Stiles stood up, seized Derek’s wrist to stop him from moving and took Derek’s face in his hands. His green eyes were wild, but the panic in them dissipated after a moment.

“Okay,” Stiles agreed, “but eventually—“

“Yes. Yes to eventually.”

He released Derek’s face and let his hands fall to his sides. He wasn’t sure if it was the right thing to do, but Derek didn’t slap his hands away or flinched, so he took that as a good sign.

He handed Derek the coffee. “Do you want some aspirin?”

“No, I think I should go.”

“I’m not kicking you out on an empty stomach when you’re hungover,” he sighed. “I’ll make you an omelet.”

Stiles motioned Derek to follow him towards the kitchen and he did. 

There wasn’t much conversation between the two of them that morning. Derek went home quietly.

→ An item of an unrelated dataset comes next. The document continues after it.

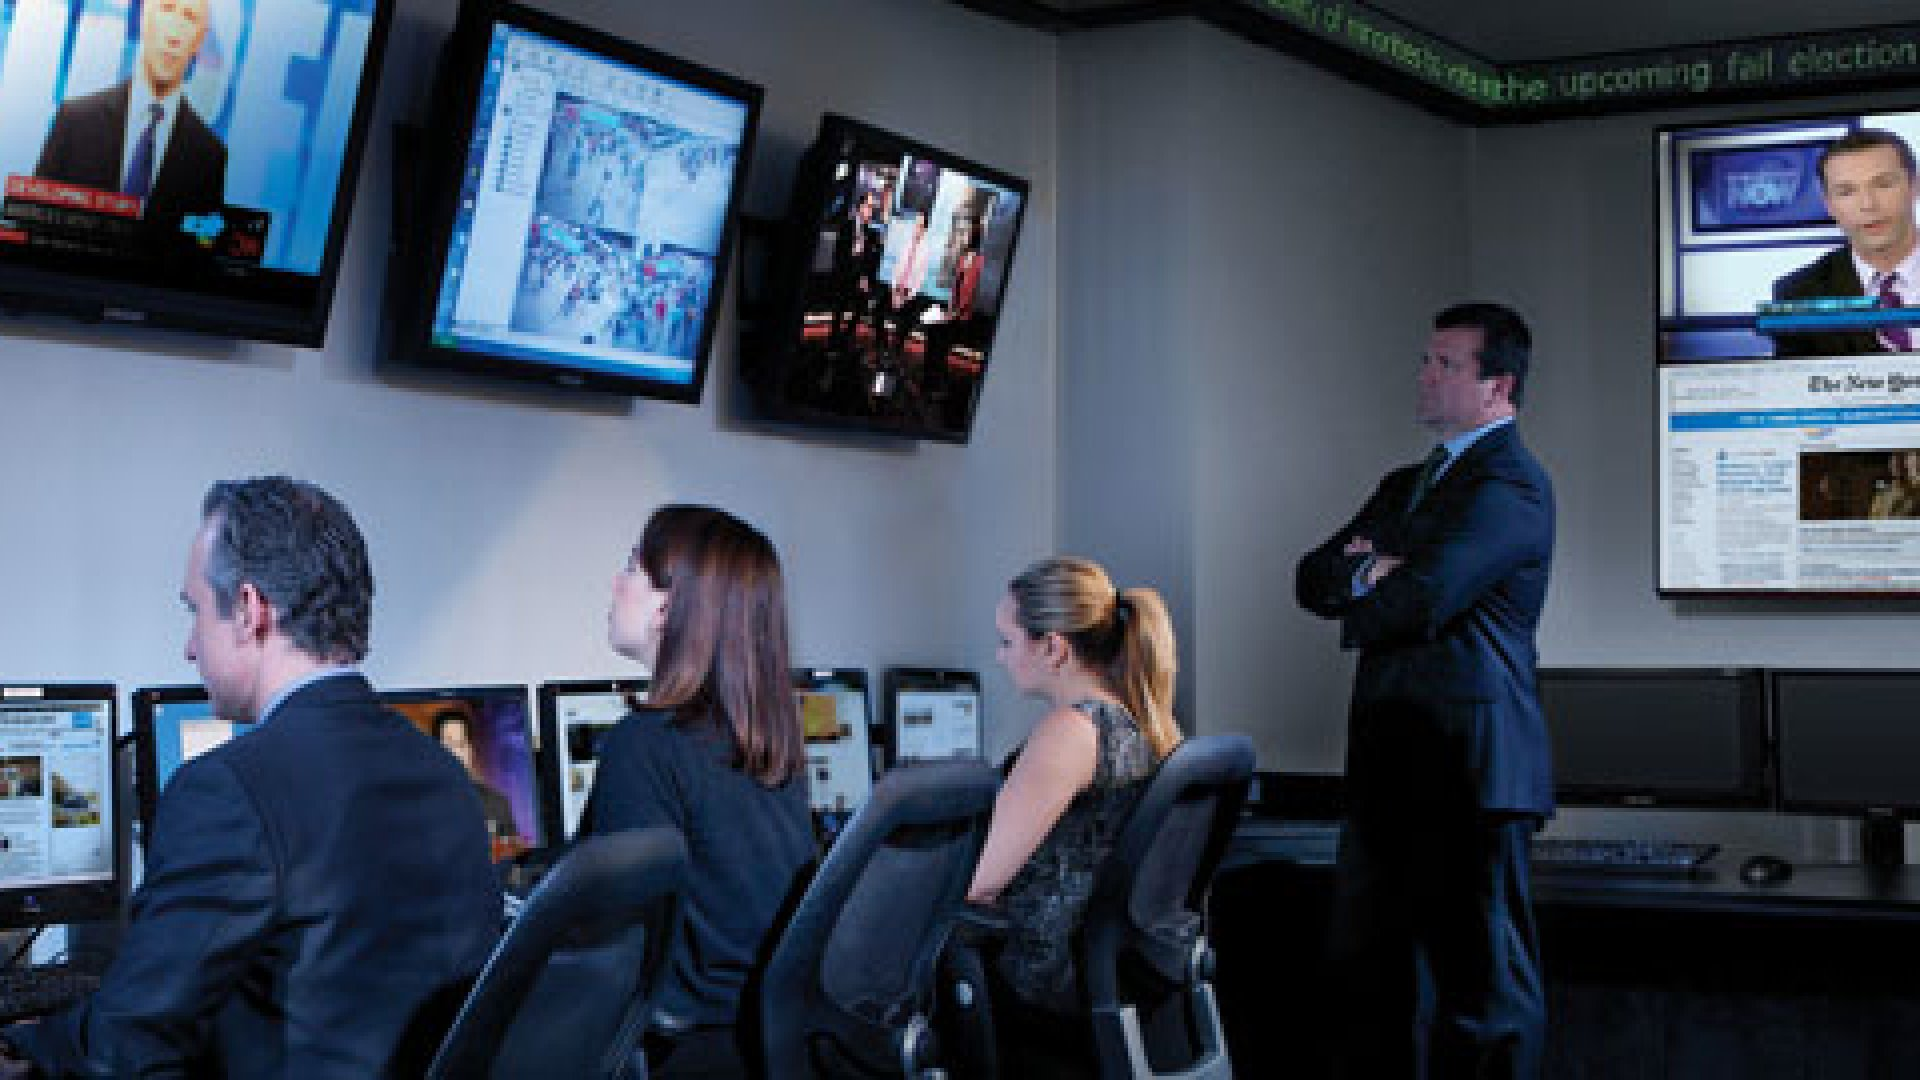 MSA Security's Intel Center in New York City.

They didn’t make any promises to each other. They didn’t say ‘I’ll see you soon,’ although if Stiles had known then what was about to come, he wish he had made Derek take an oath that he would call, at the very least.

* * *

Stiles didn’t hear from Derek over the next couple weeks. He didn’t show up to any of his classes and when Stiles bumped into Cora, she gave him a vague answer that didn’t make much of a difference. _He’s on personal leave._ Not a single text message, either. It had been sixteen days, Stiles counted, when Derek finally showed his face.

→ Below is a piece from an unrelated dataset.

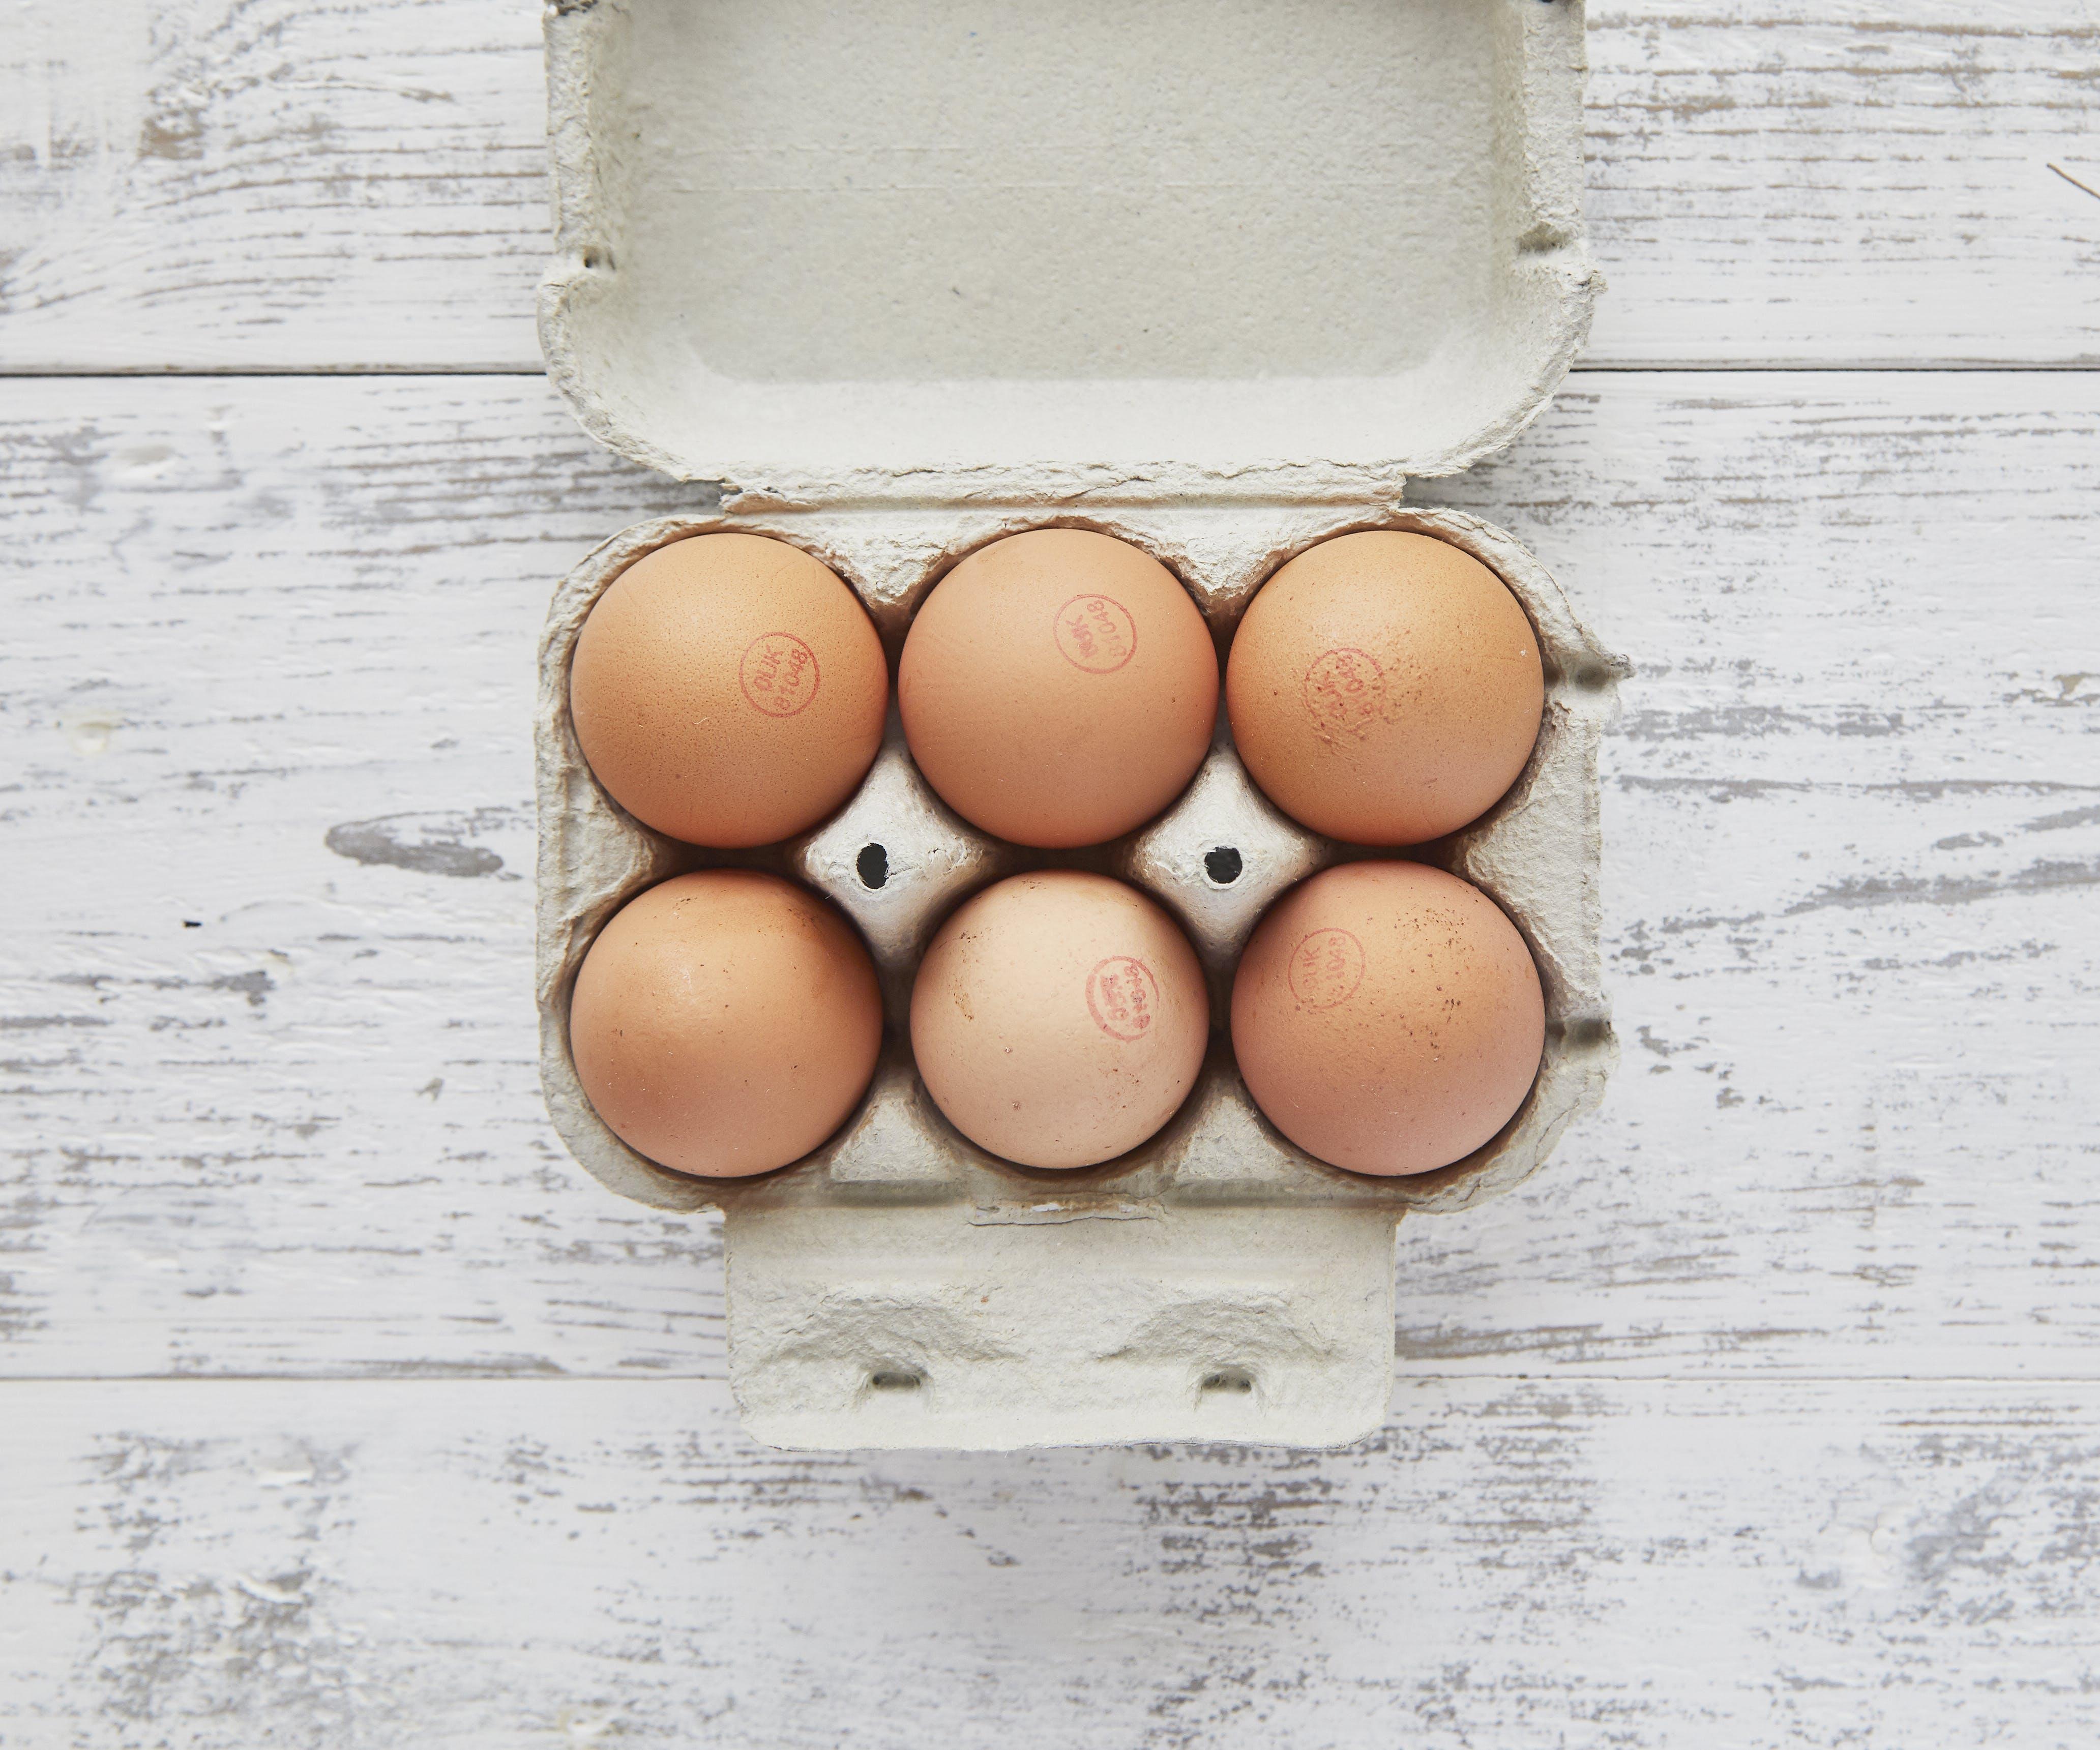 Free Range Eggs (Large)

There was a knock on his door and Stiles tried ignoring it until it went away on its own because he didn’t order any delivery and was too lazy to entertain guests. He definitely wasn’t distraught by a certain case of a missing person.

The knocking turned into banging. Stiles couldn’t ignore it then, his neighbors might feel disturbed.

He made himself walked to the door and swung it open.

“Oh, you’ve got to stop doing this.”

Derek was wearing a black shirt that clung to his skin because he was completely drenched from head to toe. He was wearing one shoe and holding the other upside down with stream of water coming out of it.

“I was walking and it rained halfway here! It’s not like I planned on showing up here completely messed up.”

_It’s not like you’ve never done that before,_ Stiles thought.

He pulled the door toward him until it was only half-open, blocking the way in with his body. On one side, he was glad to see Derek alive and seemingly in one piece, but on the other side he felt… angry? Maybe hurt is a more accurate word to describe what he was feeling.

“I haven’t seen or heard from you for two weeks and now this?”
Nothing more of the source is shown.